Waste and Want: A Social History of Trash
H**R
Fantastic book, and I learned a ton!
I absolutely adored this book. While it may seem to focus on the history of trash, it was so fascinating for many different reasons! It has the environmental sustainability perspective, but not so much that it was overwhelming or ignored other aspects of the history. While reading i ended up researching tons of repair techniques that have been falling out of use, female authors, old companies and their business models, political figures i had never known about outside of their major political accomplishments, the impacts of war and economic events on a societal and individual level, and so much more. This book has so much to offer beyond what I expected. In fact, I had to take a week to digest and research each chapter before I was fully satisfied and could move on the the next section. Of course, you don’t have to take as much time as I did or even do that much research, but I felt that it really brought this book to life.
C**L
Why We Waste and What We Can Do About It
Anyone looking to understand WHY we waste in our current day and age need look no further than this exceptionally well researched and written social history of trash. Totally captivating to me who admittedly hates to waste, but I'm sure of interest to a broad swath of consumers who enjoy history and insights into our modern lifestyles. I garnered many insights for WeHateToWaste.com, a global community that I manage, about what worked in the past and why to incentivize people to reduce waste or to collect it for economic purposes, and how these same strategies might be updated for the future.
B**E
A Miss
I liked the first chapter about reworking clothing to extend its life. It was fascinating to think of women doing all of this work by hand! And then....each chapter got longer and more bogged down with endless and repetitive details. Clearly the author did a massive amount of research, but why wasn't it edited? It wasn't quite scholarly, but it had way too much dry factual information to be entertaining.
A**T
Worth Reading - and Enlightening.
As a guy who works in the environmental field (I am a geologist) I found this book absolutely fascinating. It reveals things about life in the past that I could never have imagined. Recycling is NOT new...its old. We just abandoned the practice after WWII and became a throw-away society.
A**R
Waste not, but now wanting almost results in it just to make room . . . . .
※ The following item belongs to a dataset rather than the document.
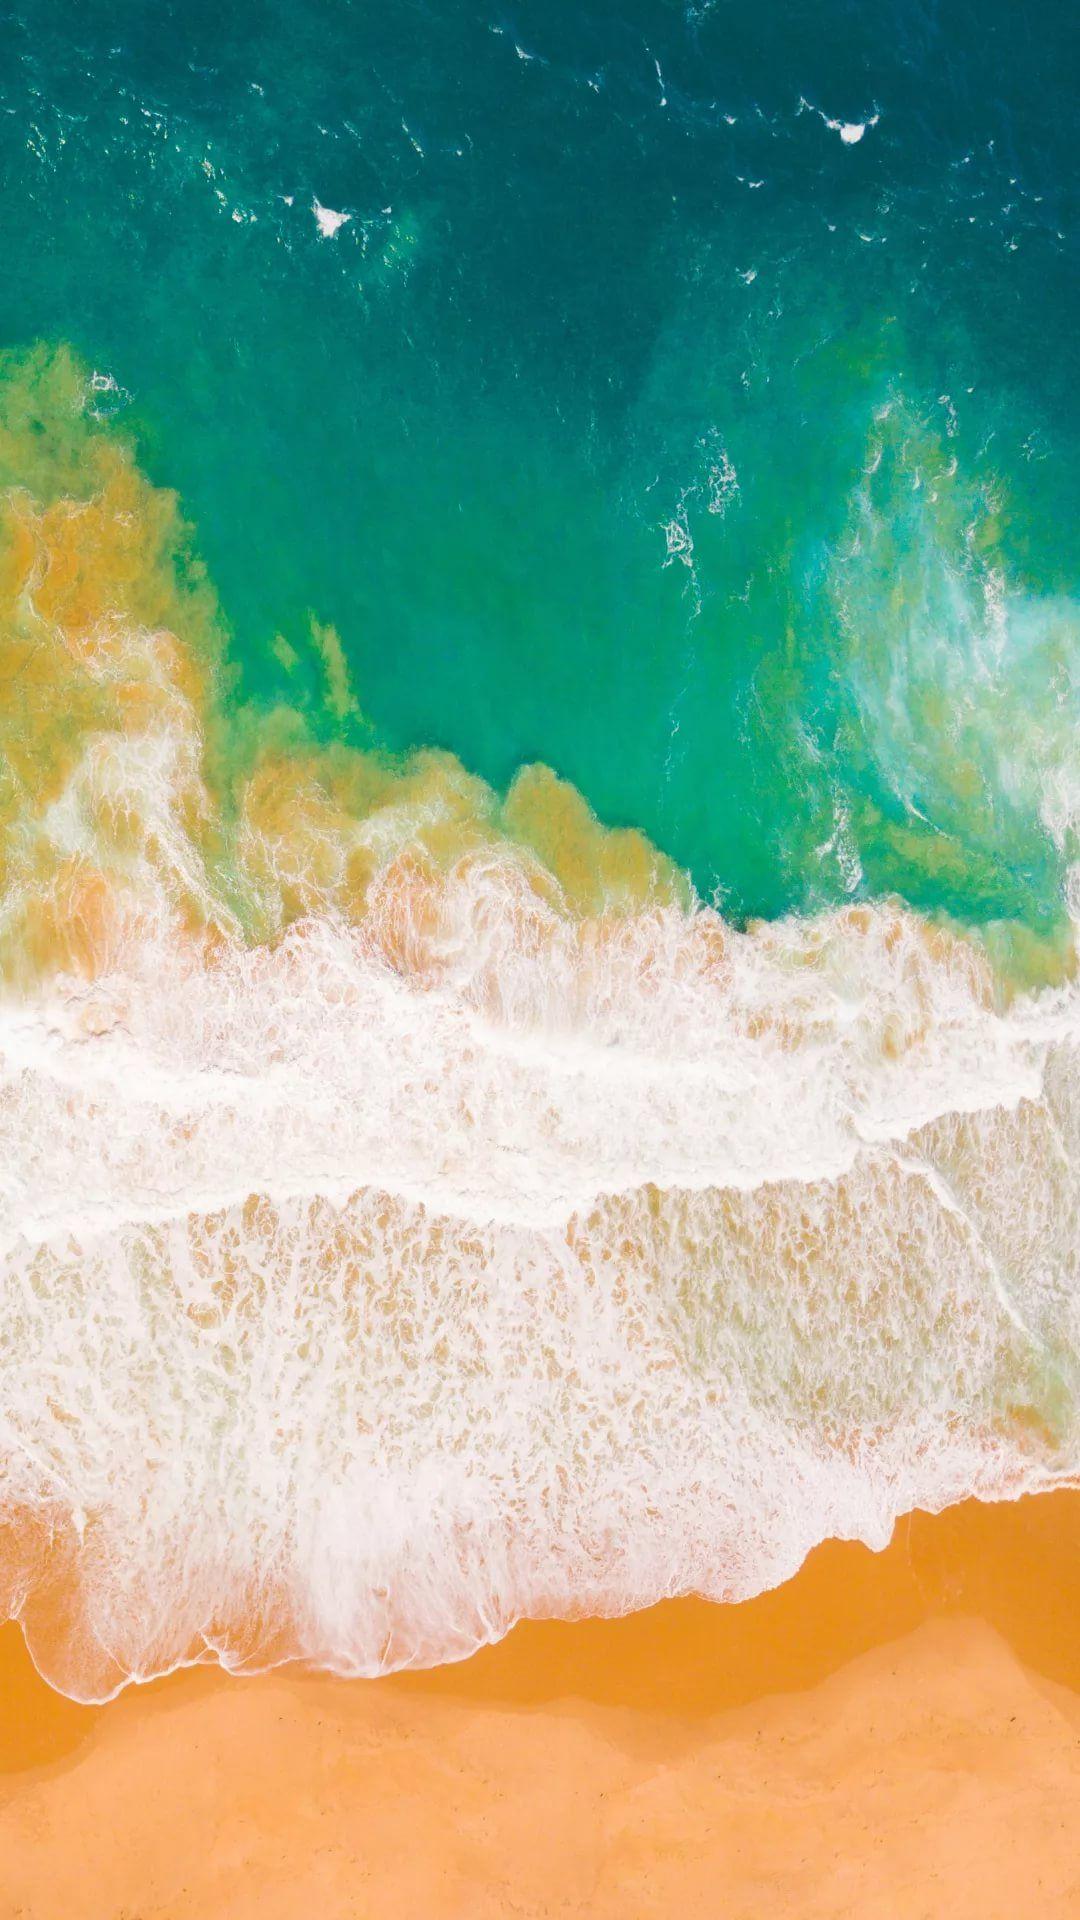 Beach Tumblr iPhone 7 wallpaper

The extent of research is impressive. And the presentation is expressive, not just factual.A great book that gives us a perspective of the past, and by juxtaposition, a penetratinglook at what the present means re. our values and our environment.
J**O
A very interesting read
A really interesting read that explains how we got to where we are today with regards to our trash. It was fascinating to learn how industrialisation has changed how we relate to trash.
M**S
Fantastic read about the social history of Recycling.
This is a great book which I have lent to more people than other book I can remember. If you are big on recycling, you be fascinated by all of the stories about recycling.
R**2
Three Stars
Seems like the level of detail got to the point of saying the same thing, just worded differently.